Hump thought for a moment, opening and closing his mouth for air since his nose was permanently obstructed by that damage he sustained at the wagons. “I don’t know, either, what the white men are doing here. I think they may be crazy. I think it’s better to keep away from them, since we don’t have guns and powder and shot.”
Great Elk got up again and said: “At the fort was a young soldier chief who said with ten men he could rub out the entire nation of Shyelas, and with thirty men, all the people of the plains. But we Minneconjou, along with some Oglala, rubbed him out instead. This is his ring that I am wearing on a string around my neck. I used to have his finger, too, but I lost it.”

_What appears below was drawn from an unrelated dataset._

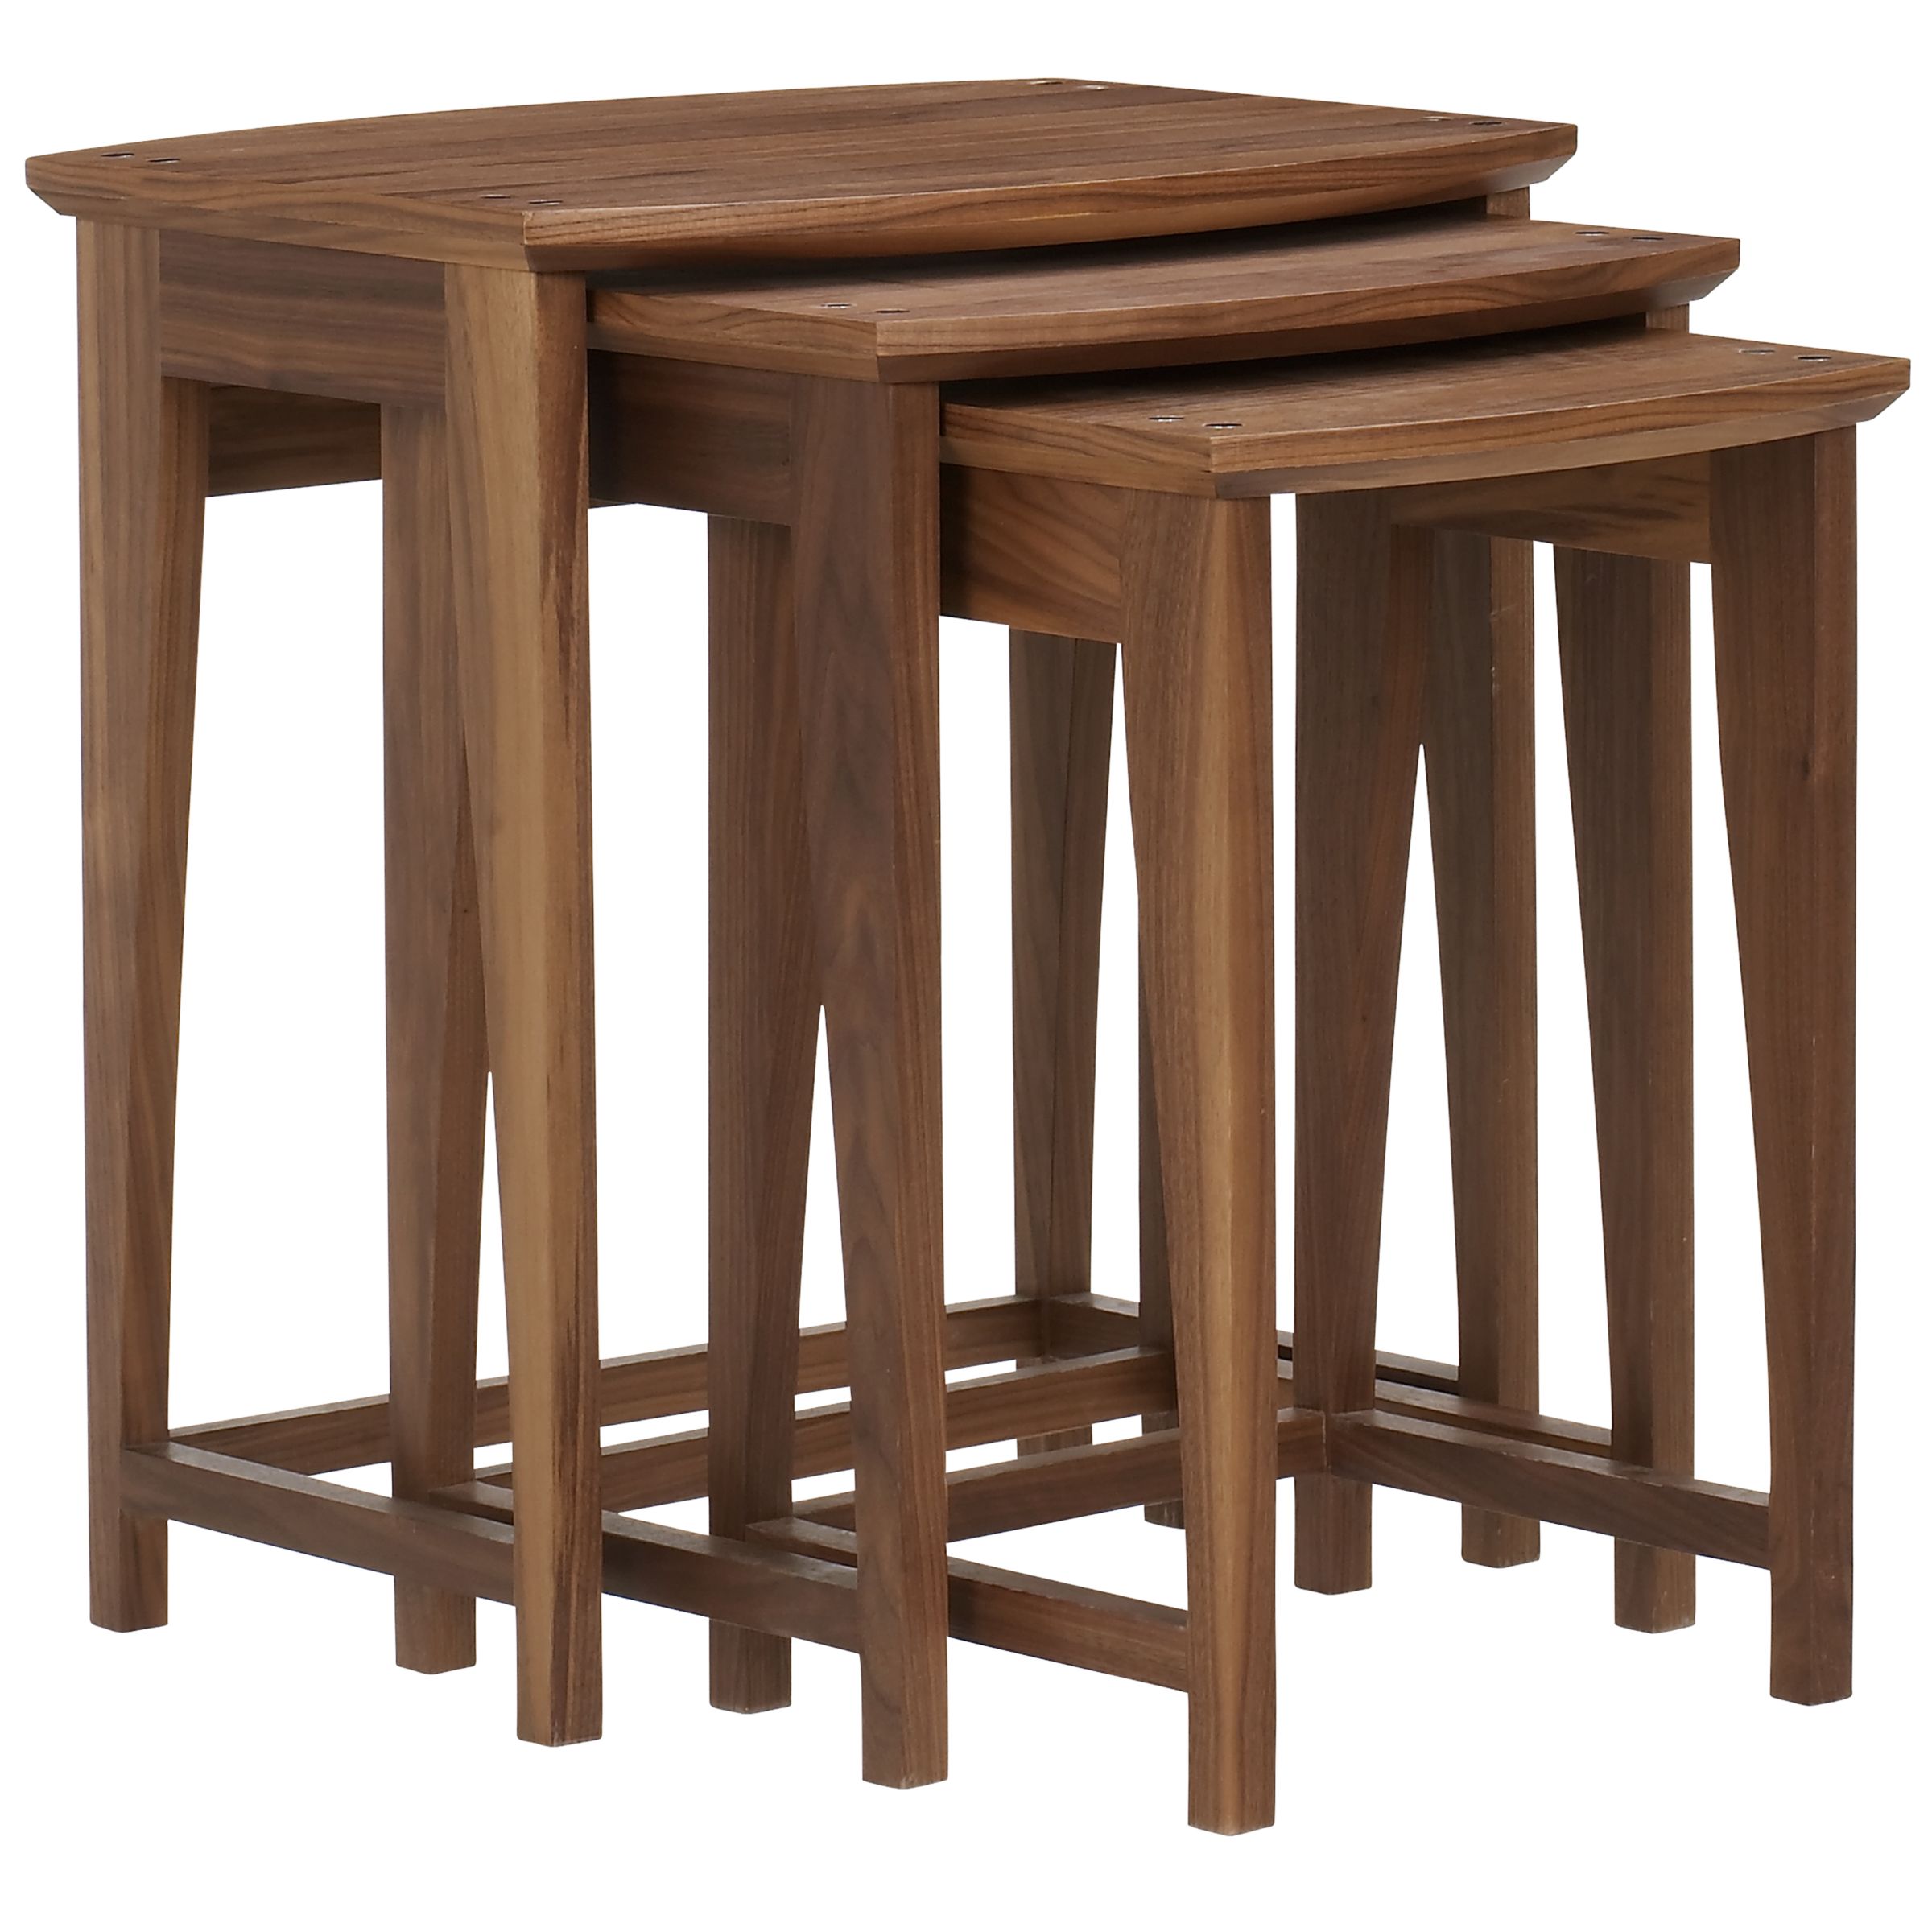 Nick Munro Nest of 3 Tables
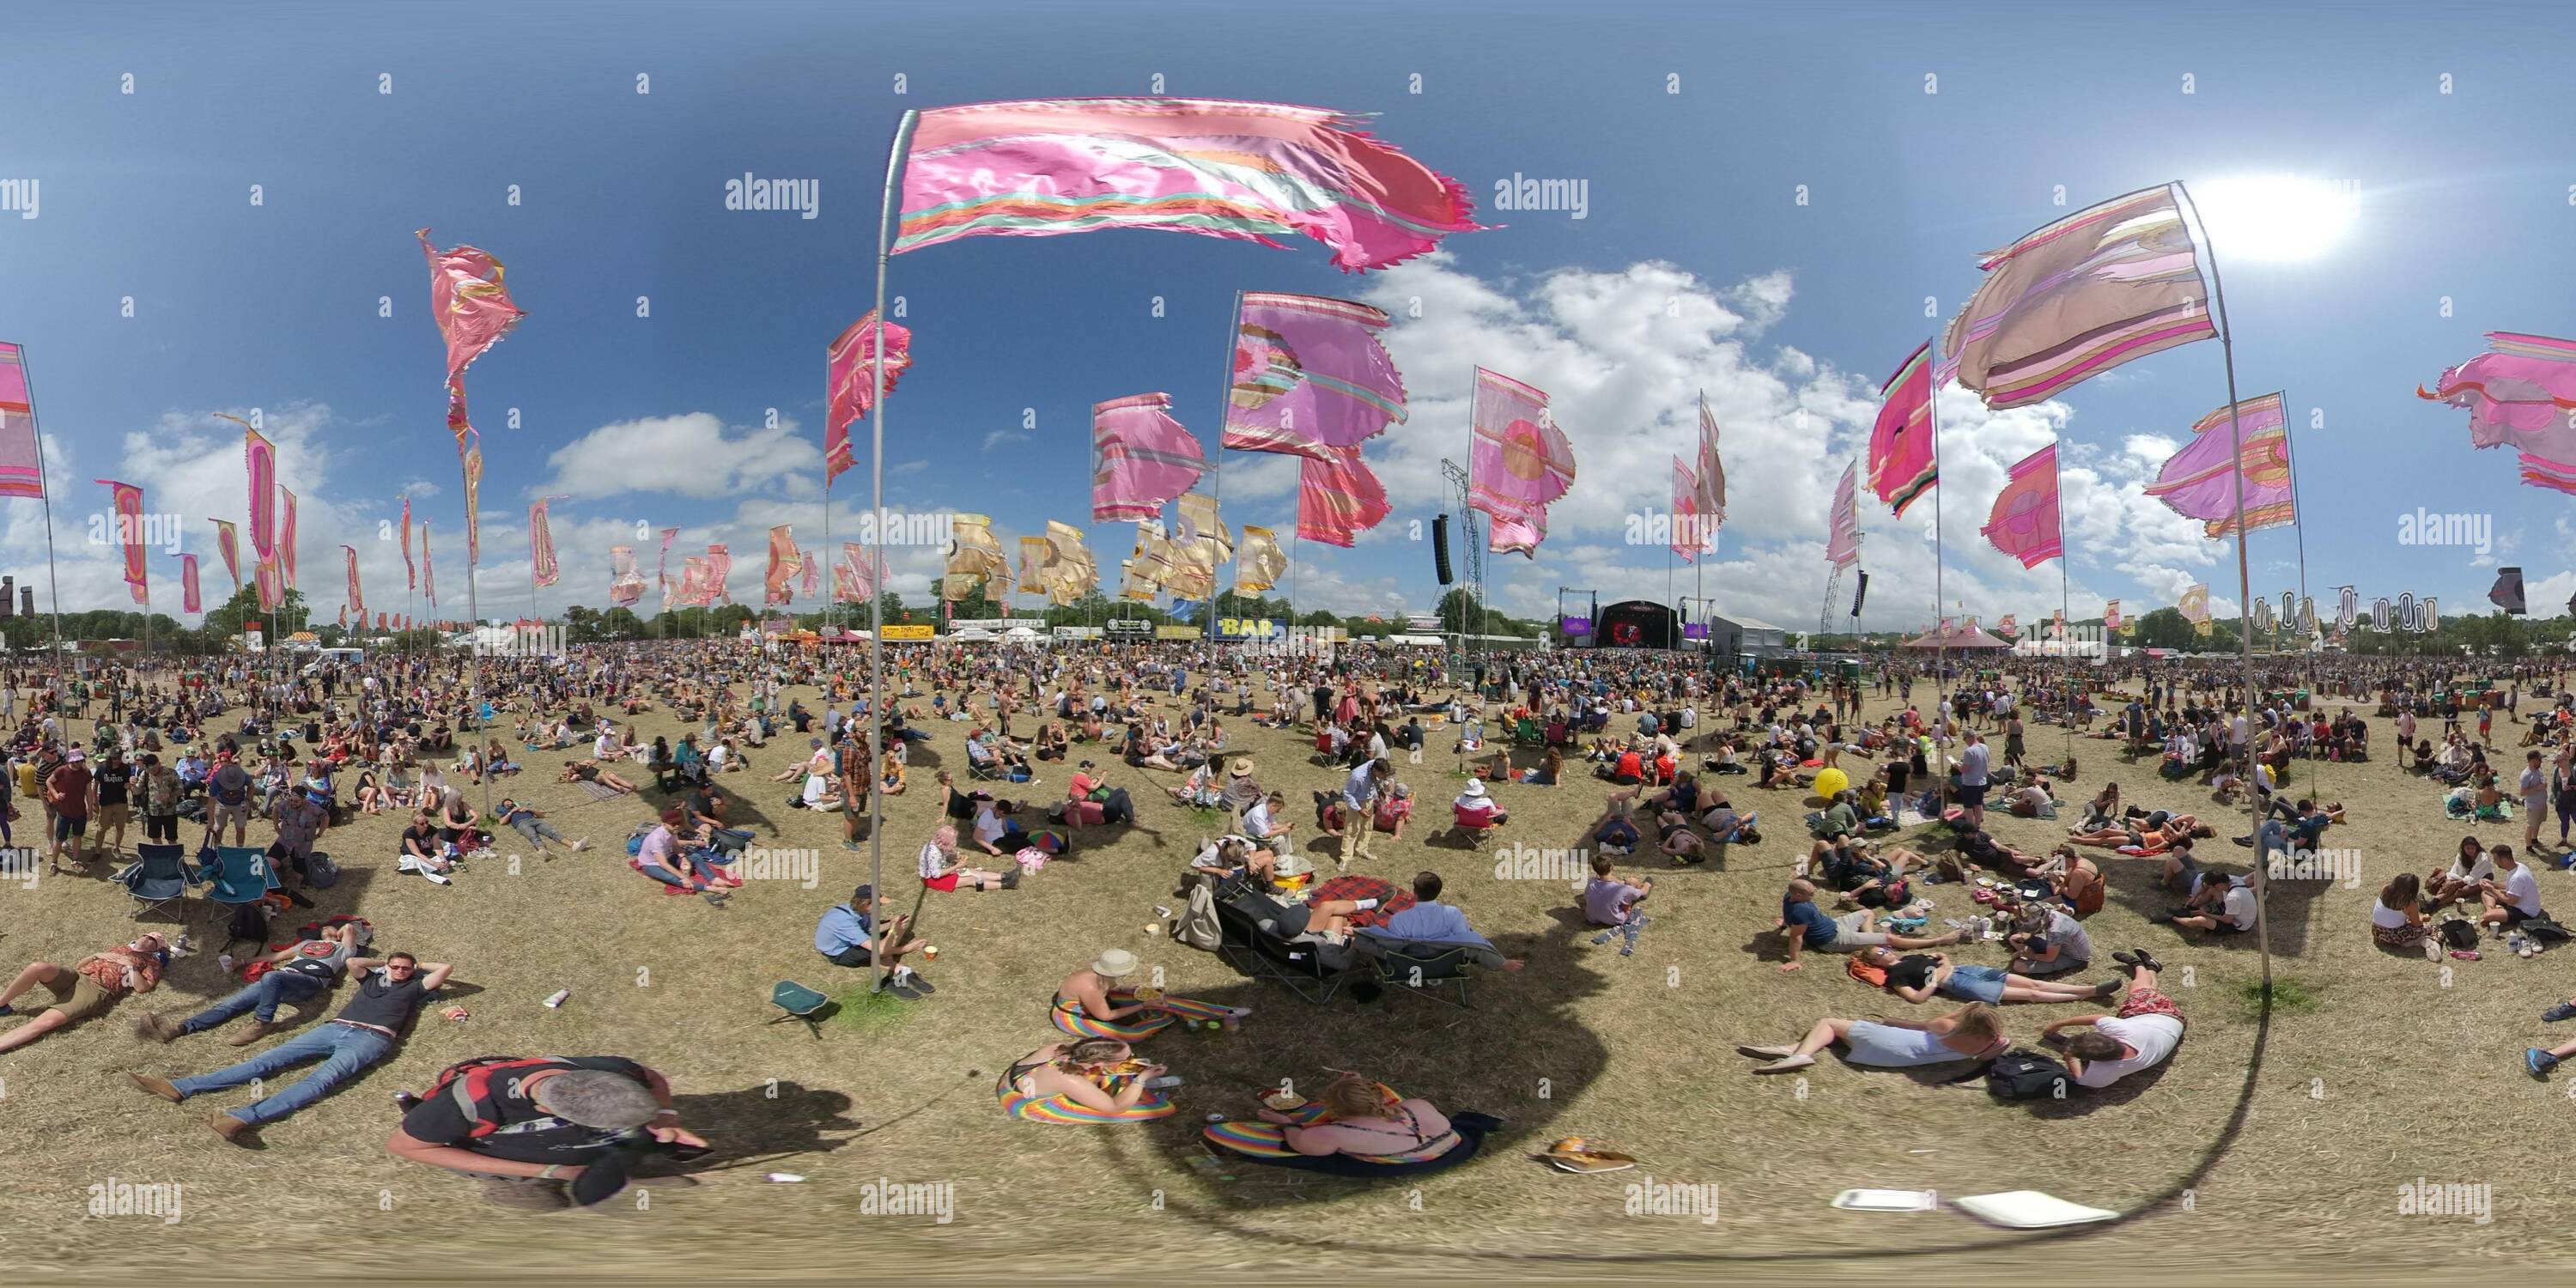 360 degree panoramic view of The West Holt Stage Glastonbury 2019

Old Lodge Skins finally took his turn, and put on that falsetto that proper oratory called for. The following remarks was developed deep in the chest, but come out high and quavering after having fought a passage through his tightened throat. The first time you heard it, you might have thought the poor devil was dying of strangulation; but it could get the wind up in you once you caught the style.
For a while he flattered the Minneconjou and the rest of the Lakota. Then he reminded them of the Cheyenne theory that they was established in the Black Hills and rich in horses at the time when the Sioux showed up there poor as could be and with only dogs for transport, and the Human Beings took pity on them and give them a horse now and again, which enabled the Sioux to prosper into the great tribe they was at present.